Published online by Cambridge University Press: 27 September 2016
A key challenge of the Information Extraction in Natural Language Processing is the ability to recognise and classify temporal expressions (timexes). It is a crucial source of information about when something happens, how often something occurs or how long something lasts. Timexes extracted automatically from text, play a major role in many Information Extraction systems, such as question answering or event recognition. We prepared a broad specification of Polish timexes – PLIMEX. It is based on the state-of-the-art annotation guidelines for English, mainly TIMEX2 and TIMEX3 (a part of TimeML – Markup Language for Temporal and Event Expressions). We have expanded our specification for a description of the local meaning of timexes, based on LTIMEX annotation guidelines for English.
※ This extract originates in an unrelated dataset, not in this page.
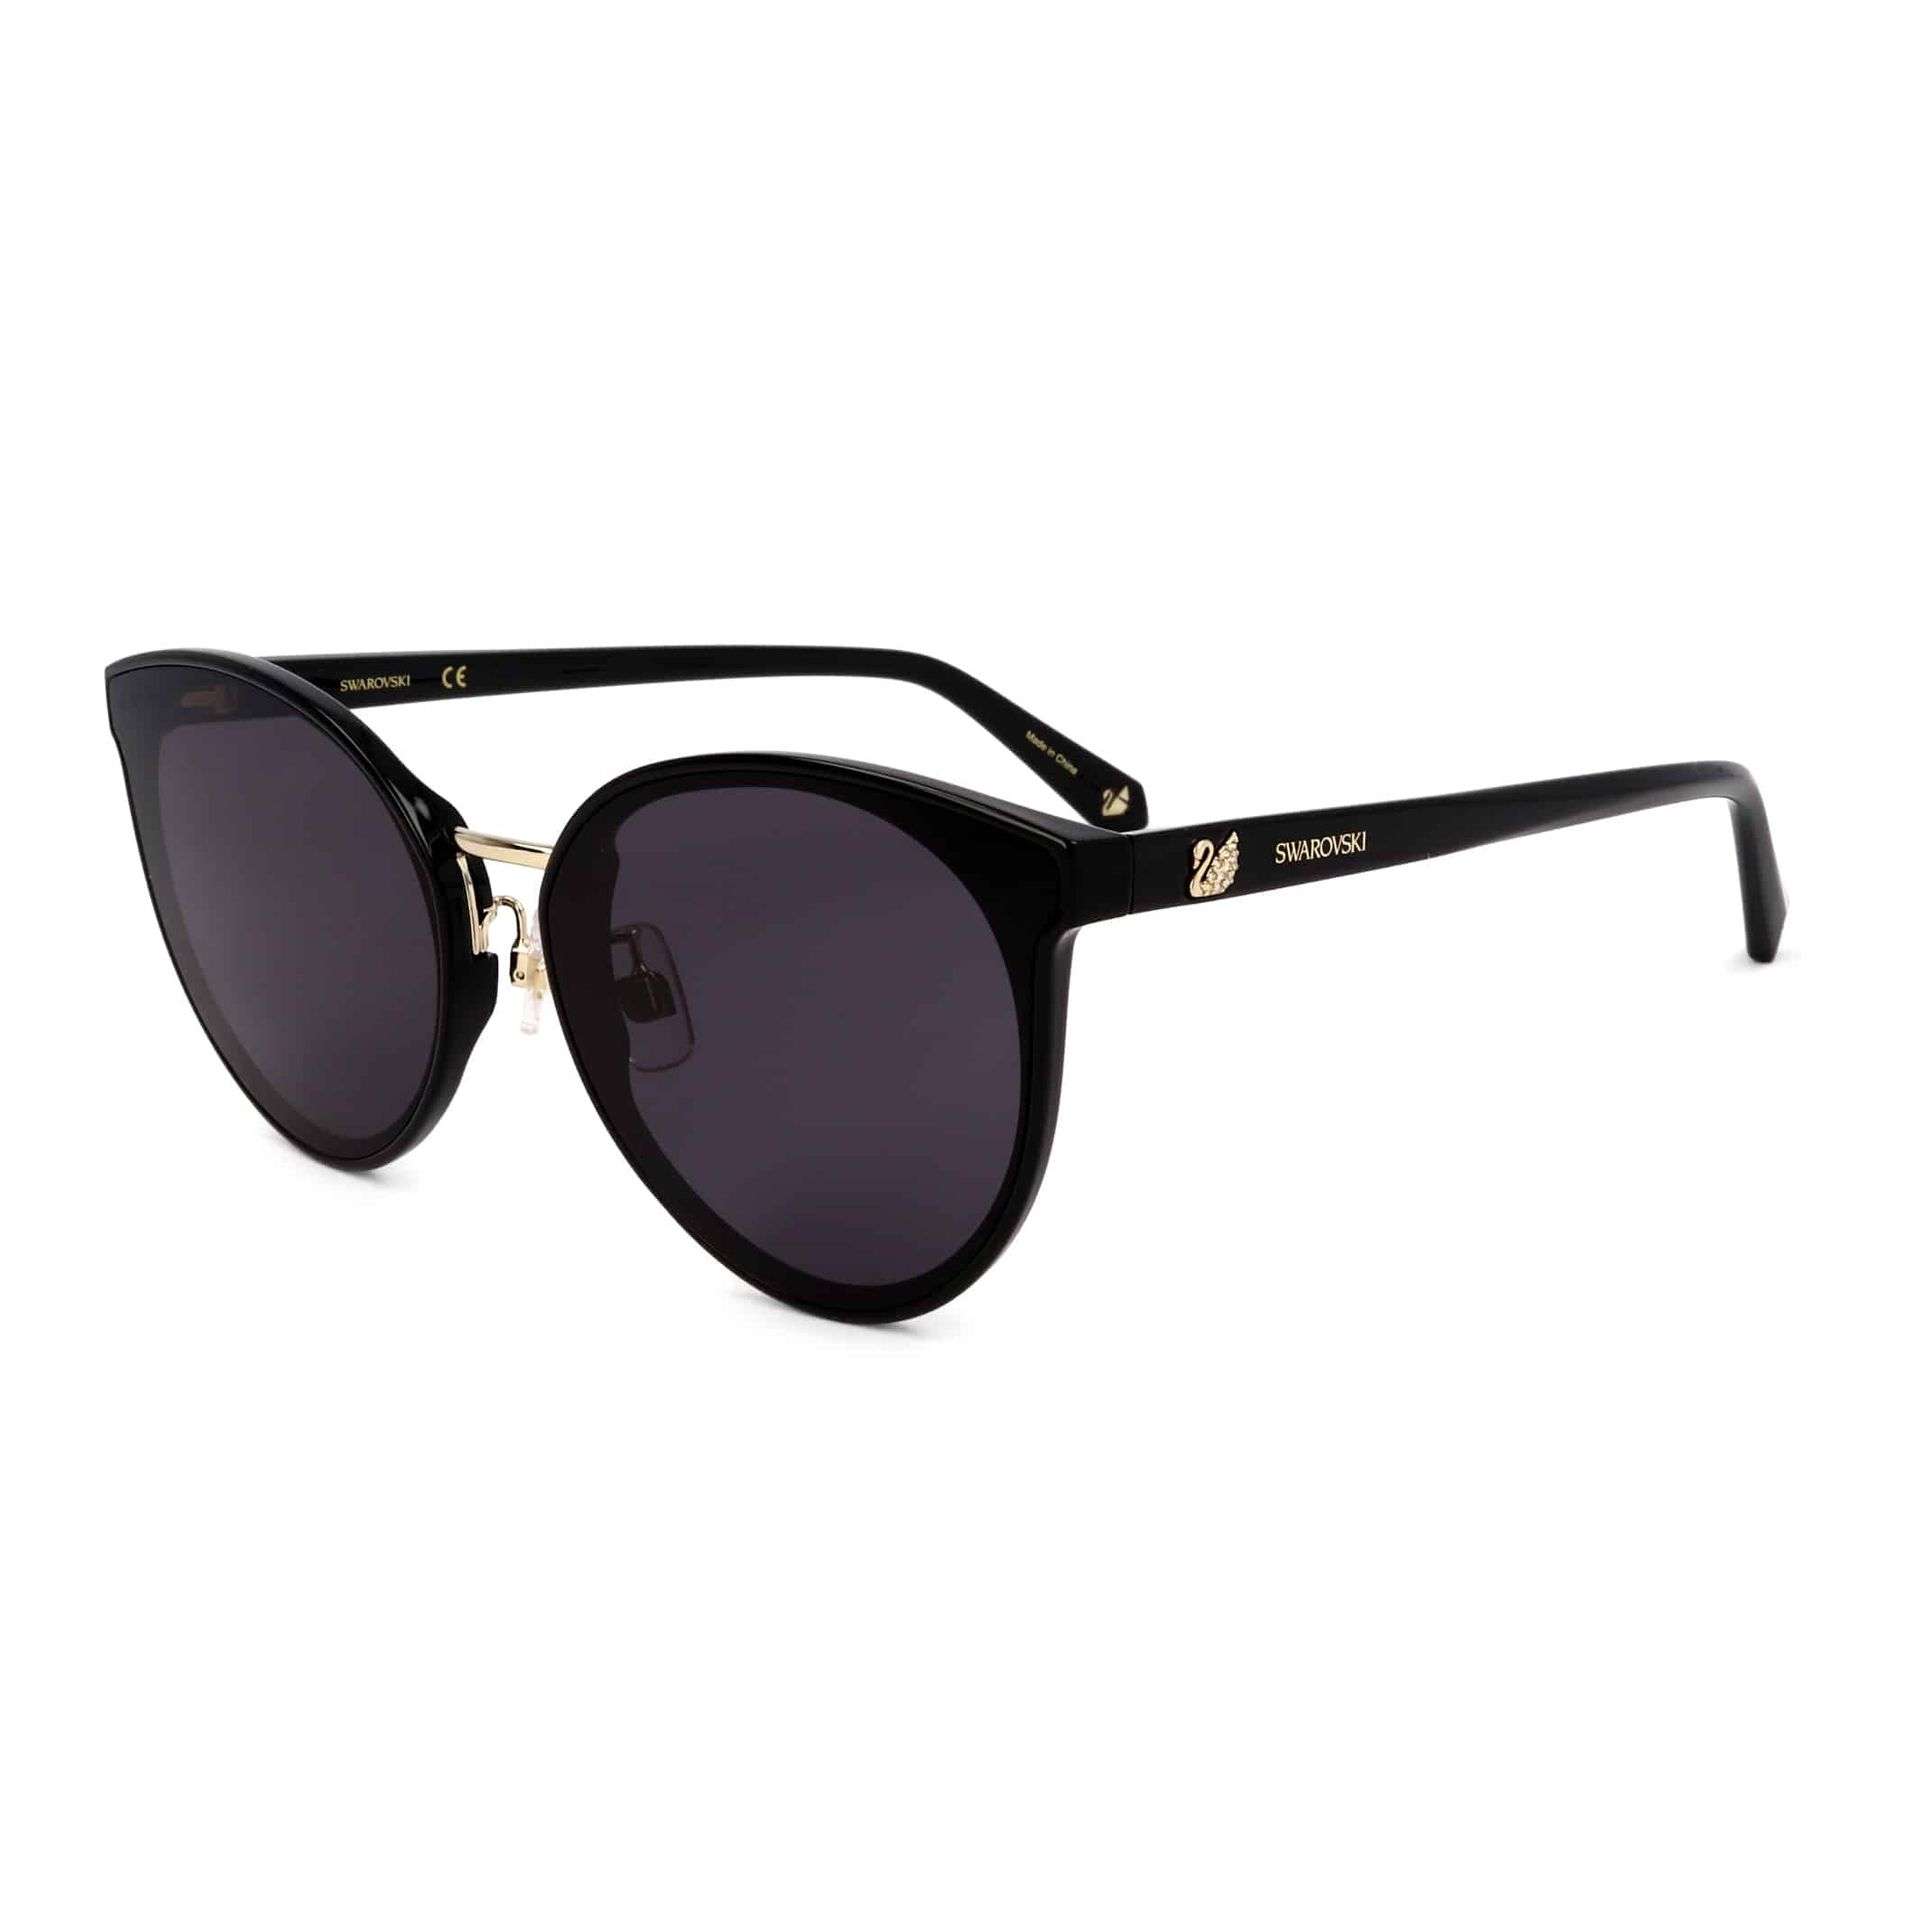 Swarovski Sonnenbrille schwarz
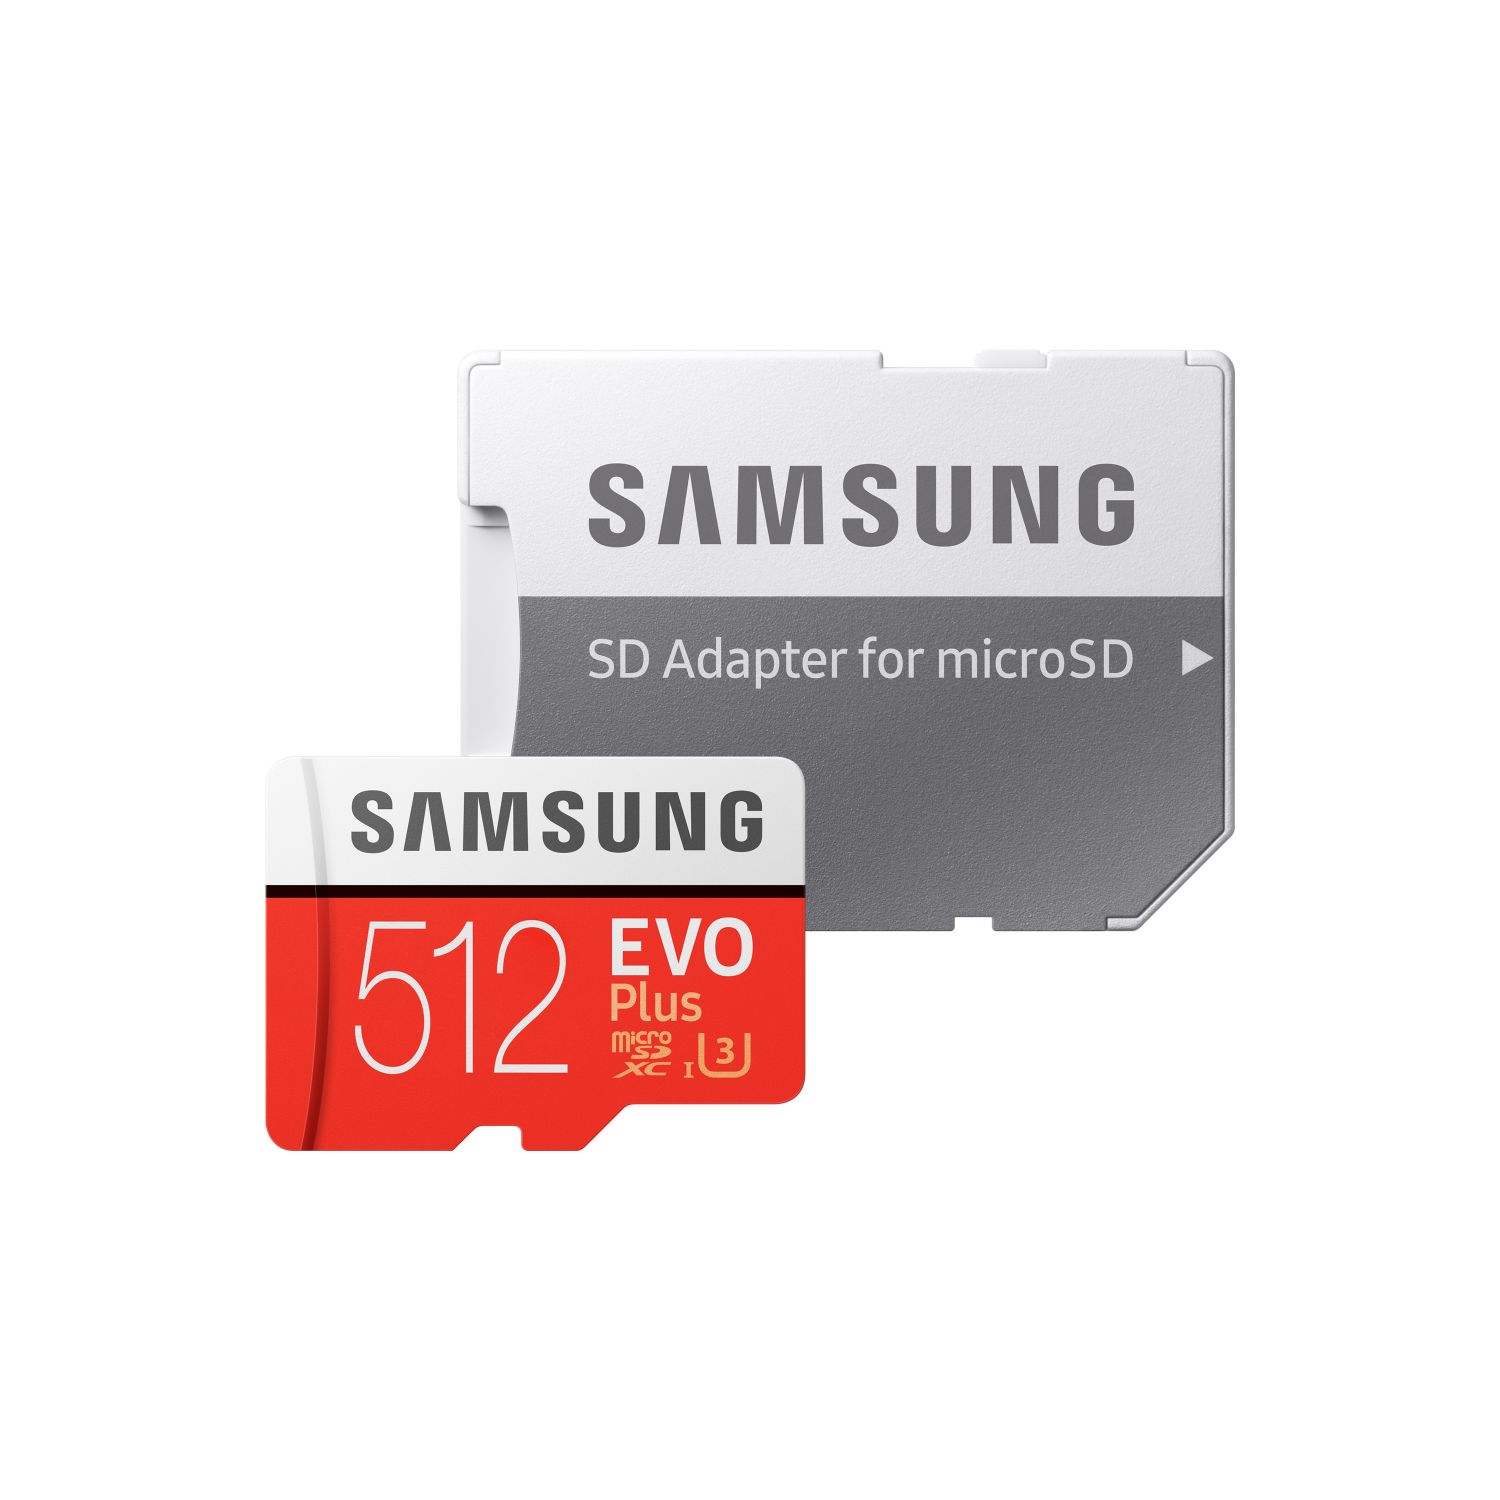 MB-MC512HA/EU - Micro SD Samsung 512Mb Clase 10 (MB-MC512HA/EU)

Temporal description supports further event identification and extends event description model, focussing on anchoring events in time, events ordering and reasoning about the persistence of events. We prepared the specification, which is designed to address these issues, and we annotated all documents in Polish Corpus of Wroclaw University of Technology (KPWr) using our annotation guidelines. We also adapted our Liner2 machine learning system to recognise Polish timexes and we propose two-phase method to select a subset of features for Conditional Random Fields sequence labelling method. This article presents the whole process of corpus annotation, evaluation of inter-annotator agreement, extending Liner2 system with new features and evaluation of the recognition models before and after feature selection with the analysis of statistical significance of differences. Liner2 with presented models is available as open source software under the GNU General Public License.
Work financed as part of the investment in the CLARIN-PL research infrastructure funded by the Polish Ministry of Science and Higher Education.